On October 20, 2018, the F. Scott Fitzgerald Festival honored my longtime friend, author Richard Russo. I was asked to make the introduction, and to talk about Rick’s work, as well as our friendship. The following is the text from that speech.
Good afternoon. It’s an honor to speak with you today about my friend Richard Russo.
To you, he is the distinguished author of over a dozen books, winner of the Pulitzer Prize, and today’s honoree at the Fitzgerald Festival.
But to me, he’s a friend of over 25 years. And when I think of Rick, the very first thing that comes to mind, in fact, is his cry of sheer terror as he approached the edge of the giant flume in Splash Mountain down in Disney World. This was in Orlando, in a vacation that our families took many years ago.

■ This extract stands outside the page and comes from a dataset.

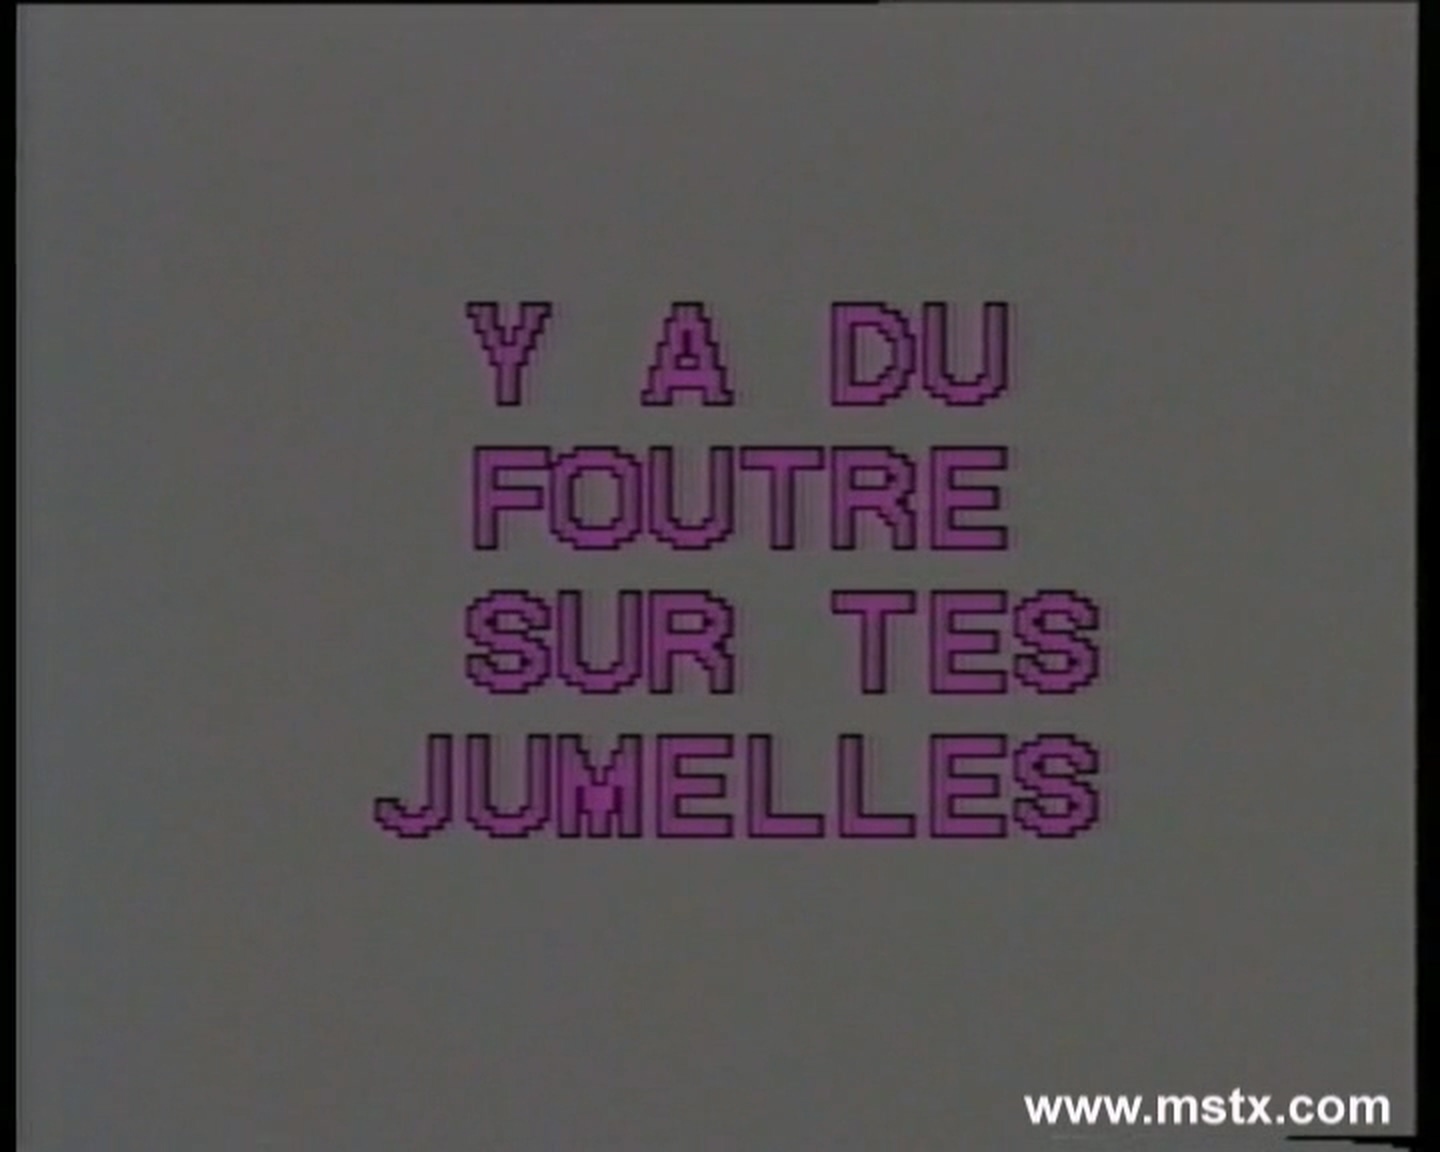 Coralie & Flora (сцена из "Y a du foutre sur tes jumelles") [1994 г., Anal,All Sex, DVDRip]

On Splash Mountain—well some of you have been there–, we repeatedly hear an audio-animatronic Brer Rabbit saying to his arch nemesis, Brer Fox, “Let me take you to the Laughin’ Place.” He keeps saying it, as our log-canoes bob and weave through the rushing waters of the ride. “Come on. Let me take you to the laughin’ place.” Rick and I, who have spent many nights in what our spouses Deedie and Barb might euphemistically describe as a laughin place all our own, looked at each other as we approached the final, terrifying waterfall and its ensuing 100 foot drop off into thin air, and then, as we went off the edge, screamed our brains out. When we emerged a little later, soaked to the skin, we were greeted by Brer Rabbit once again, who noted, “I didn’t say it was your laughin place, Brer Fox, I said it was MY laughin place.”
And that’s I think of when I think of Rick Russo, the author—going to the laughin place. His books are literary, smart, painful, sometimes terrifying—but above all, they are funny. Rick’s humor isn’t the easy kind of humor, either, the humor of cruelty, irony, and fart jokes—not that he’d rule out a fart joke, now and again, if the dramatic situation made it absolutely necessary. But Rick’s humor is generous, and forgiving, and quite often right on the edge of something else—sadness, loss, fear. When Rick takes you to his Laughin Place, he’s taking you to a place of truth—a place where you have to laugh because the alternatives are too scary, or too sad.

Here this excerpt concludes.